Thursday, July 20, 2017

"The Fatal Fourth Paragraph"

"How It Ended."
By C. Randolph-Lichfield (?-?).
First appearance: Macmillan's Magazine, January 1906.
Reprinted in The Living Age, February 17, 1906.
Short story (10 pages).

Online at Archive.org (HERE).
(Note: Some text slightly mangled but decipherable.)

"But in all the State there was only one heart that failed to rejoice, and that heart nurses its sorrow yet in crabbed old age."
Bob Hill is more than willing to defer to "Slim" Essex, his older and more experienced partner in crime.
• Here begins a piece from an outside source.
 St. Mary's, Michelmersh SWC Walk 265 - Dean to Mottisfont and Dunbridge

Neither is moved to retrospective tears when they escape from gaol:

   "Law loses some of its terrors for those who indulge in years of lawlessness; and the warder whose neck they had broken was not the only man they had killed in unfair fight."
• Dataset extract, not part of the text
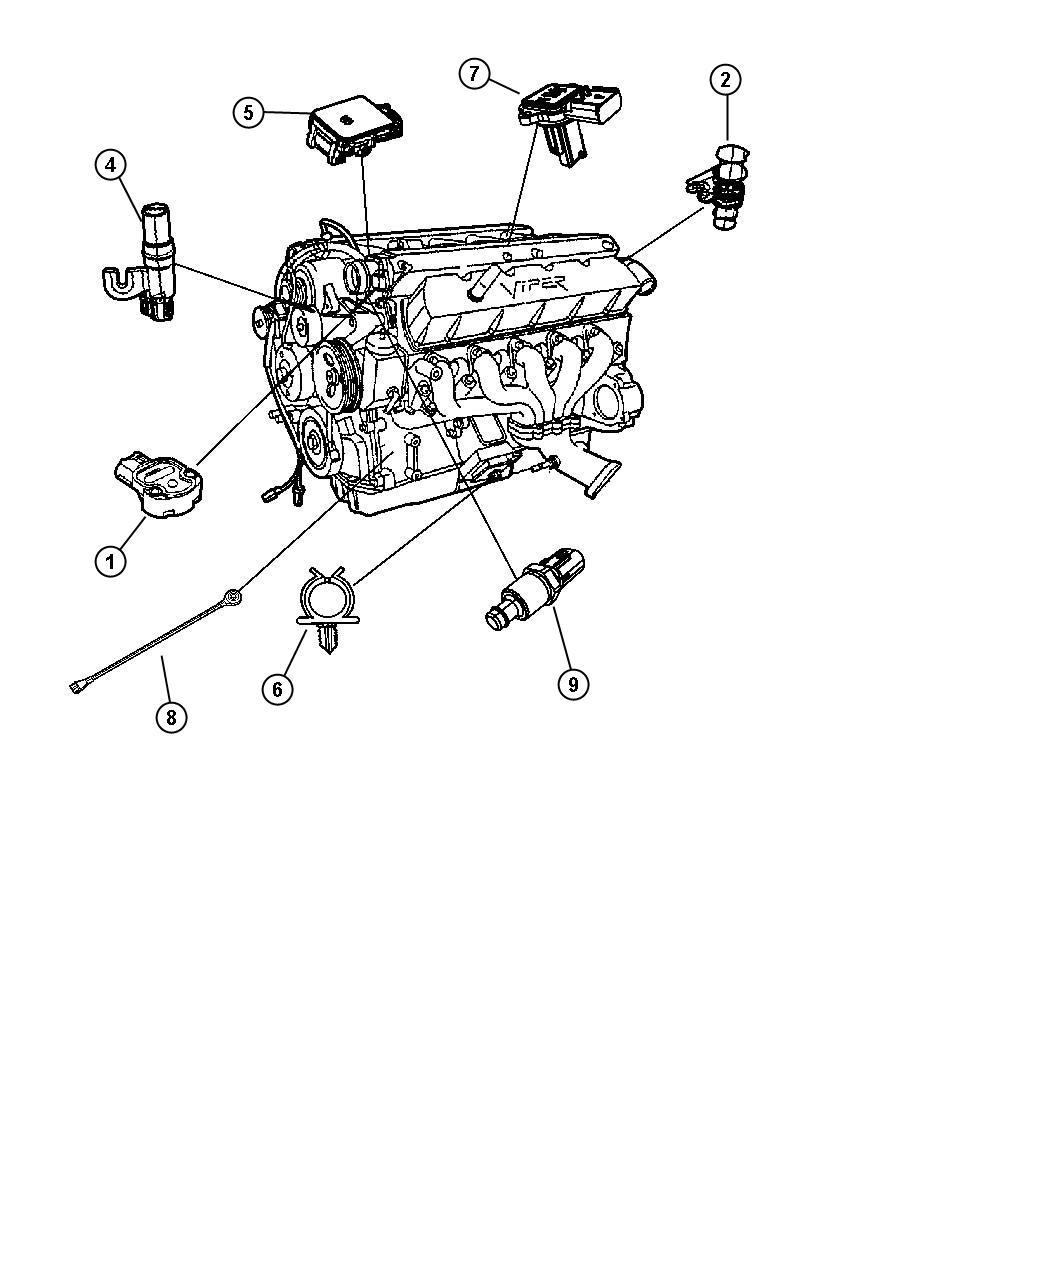 2010 Dodge Viper Sensor. Mass airflow. Engine, sensors

Both reluctantly accept the grim prospect of being on the run, with all that entails:


   "Every now and then a twig cracked sharply or a creature of the bush, alarmed at human presence, caused a sudden noise, which set the men's tense nerves jumping and sent their right hands quickly to the revolvers they had stolen from prison."
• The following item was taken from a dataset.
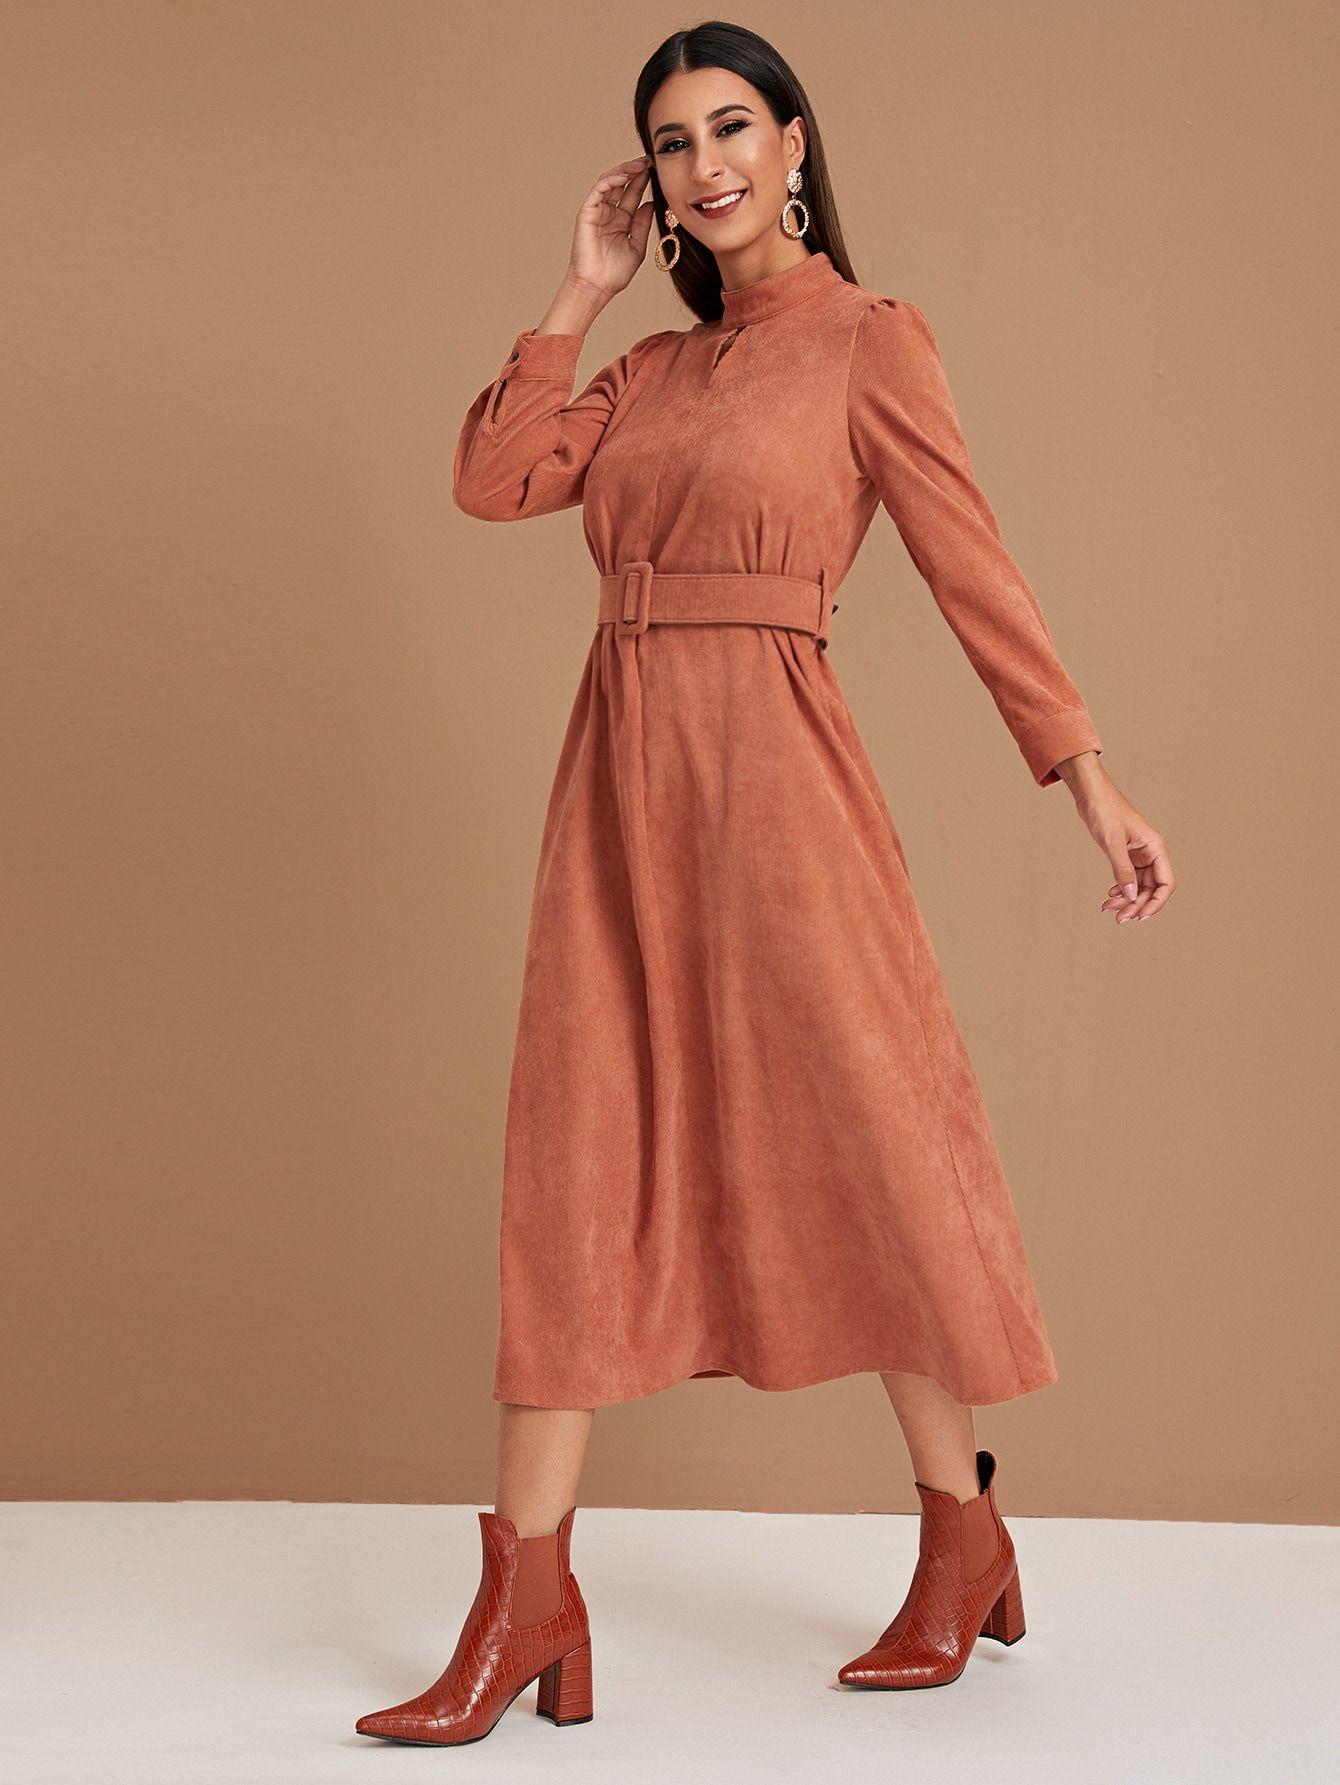 Ad Keyhole Front Self Tie Corduroy Dress Tags Casual Orange Plain Keyholeneckline Long Aline Cutout Belte Necklines For Dresses Dresses Corduroy Dress [ 1785 x 1340 Pixel ]

Essex's lover can be counted on to help where she can:


   "Then they passed into the shadows of the thick bush, leaving the woman standing at the window praying for a villain to the only god she understood, the god of hope."


But even that glimmering of hope flickers dimly when they come across a wanted poster bearing a fateful message for them all:


   "Essex read the proclamation aloud in a tone of hearty derision, until he came to the fourth paragraph, when his voice dropped to a whisper. . . ."


Resources:
- "How It Ended" is the author's only story so far listed on FictionMags.
- The only other piece by C. Randolph-Lichfield that we could locate was "A Terrible Adventure with Hyenas" (dated January 1, 1912), online (HERE) and (HERE).